En algún momento del día, Agustín Fest se sienta en su computadora y abre uno de sus cuadernos digitales. Es entonces cuando más aprecia el silencio. A veces, por molestarlo, manipulo el flujo natural de la vida y altero sus ondas beta, y las gama, y las alfa. Es divertido mirar como se levanta y como maldice en esperanto, luego se hunde en coca cola como si ésta pudiera provocarle un delirium tremens. No abuso del recurso, un día podría descubrirme. El perro se sube al sillón y hace como que duerme, y yo, generalmente me dedico a cazar moscas entre mis espinas para recuperar algunas proteínas. Otras veces me asomo por la ventana para contar las grietas grises de la pared vecina. Raras son las ocasiones donde la luz del sol penetra mi cuerpo por el verde que te quiero verde. Este lunes no era diferente, hasta que escuché una suave reverberación que viajaba de la puerta de la casa hasta mis extremidades vegetales. Me es familiar, pensé. Sabiendo que Fest me ignoraría, bajé de un salto y de salto en salto llegué a la entrada de la casa. ¿Quién es?, pregunté y una risa rasposa, y cansada, respondió mi pregunta. Pregunté de nuevo.

–Sabes quien soy, ¿por qué no abres la puerta? –reviró, con su risa rasposa atorada entre sus palabras.

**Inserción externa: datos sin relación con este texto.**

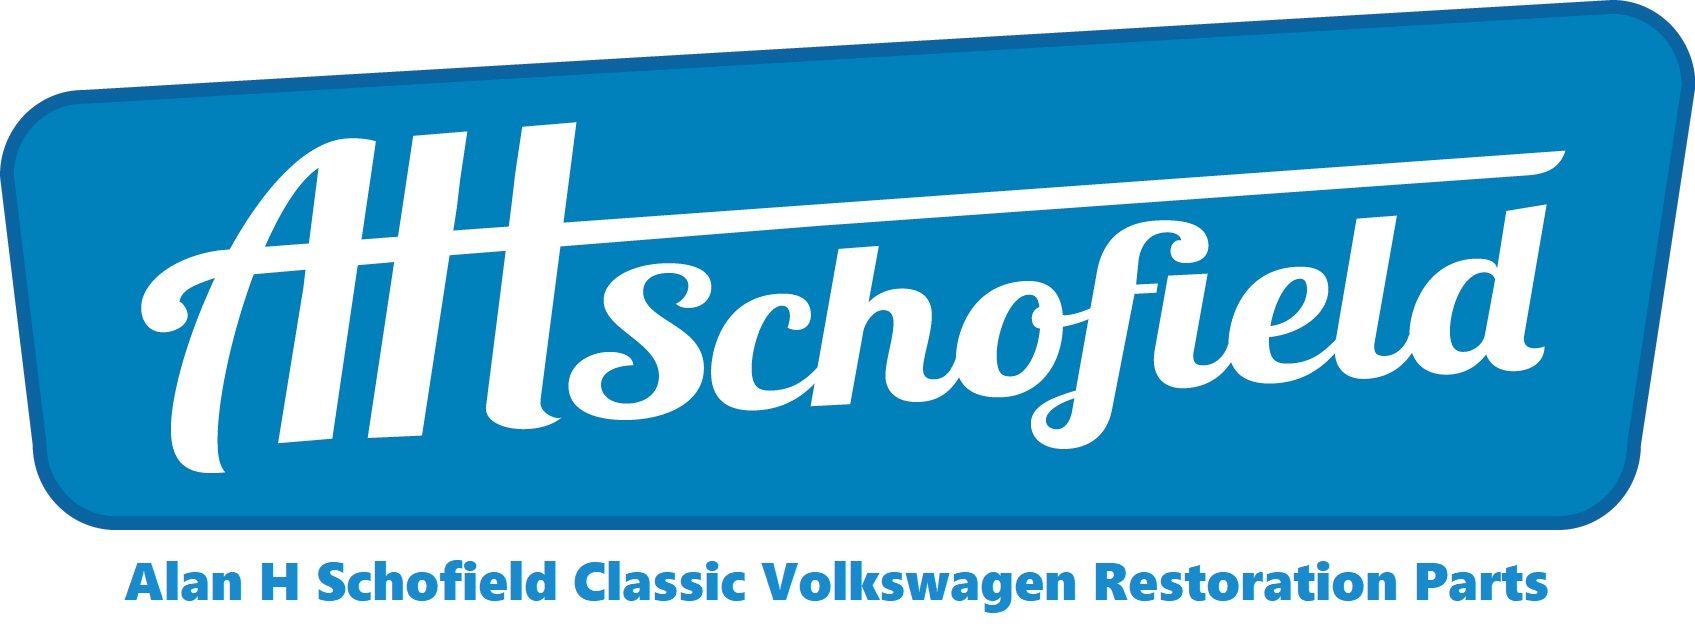 Alan H Schofield Classic Volkswagen Restoration Parts

Sé que les resulta difícil imaginar a un cacto abriendo una puerta, saltando por la casa y haciendo cosas que sólo están reservadas a los seres humanos que… parece… para eso están hechos: para abrir puertas, fumar y escribir, y sentarse y desperdiciar su vida en quién sabe qué lugares y con cuántos pesos que ganaron después del continuo desperdicio. No se engañen. Algunos cactos lo hacemos, sobre todo, aquellos que hicimos tratos con el diablo. Sentía el calor a través del canto de la puerta, gradualmente este calor se hacía más grande por la impaciencia. Hice una mueca. Nunca traté con él, no en persona.

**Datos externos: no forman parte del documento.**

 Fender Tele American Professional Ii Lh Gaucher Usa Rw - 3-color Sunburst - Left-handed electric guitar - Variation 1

–¡Fest! –grité–, ¡Llaman a la puerta, baja a abrir! –Su respuesta fue un sonoro portazo. Genial.

–Ábreme, él está escribiendo esto, en este momento. Si dejara de escribirlo y abriera la puerta, ambos desapareceríamos.

Lo sabía, tenía la esperanza que lo hiciera y nos evitábamos… pues, esto. Abrí, como los cactos suelen hacerlo y un lobo de pelo café, a veces engañosamente rojizo, estaba frente a mí. Había escuchado de él, se llamaba Kromg y era un dios menor, en quien sabe qué cultura.

–Pensé que no los encontraría –dijo el lobo–, pero aquí estoy. ¿No sabrás forjar cadenas con los flujos de una virgen y la plata de los enanos nórdicos?

–No –respondí.

–Está bien, un simple mecate bastará, átame al jardín

Hice lo que pidió el lobo. Si fuera otro personaje, seguro tendría muchas preguntas que hacerle, pero no lo era. Lo acompañé un rato. Él se acostó en el jardín y miró a ningún lugar.

–Si llega su mujer, seguro agarrará una escoba y te correrá. Eres grande y feo. Pareces callejero.

El lobo se rió por lo bajito. Lo malo de los dioses es que no se les puede manejar como a un humano porque fueron los dioses quienes inventaron el control.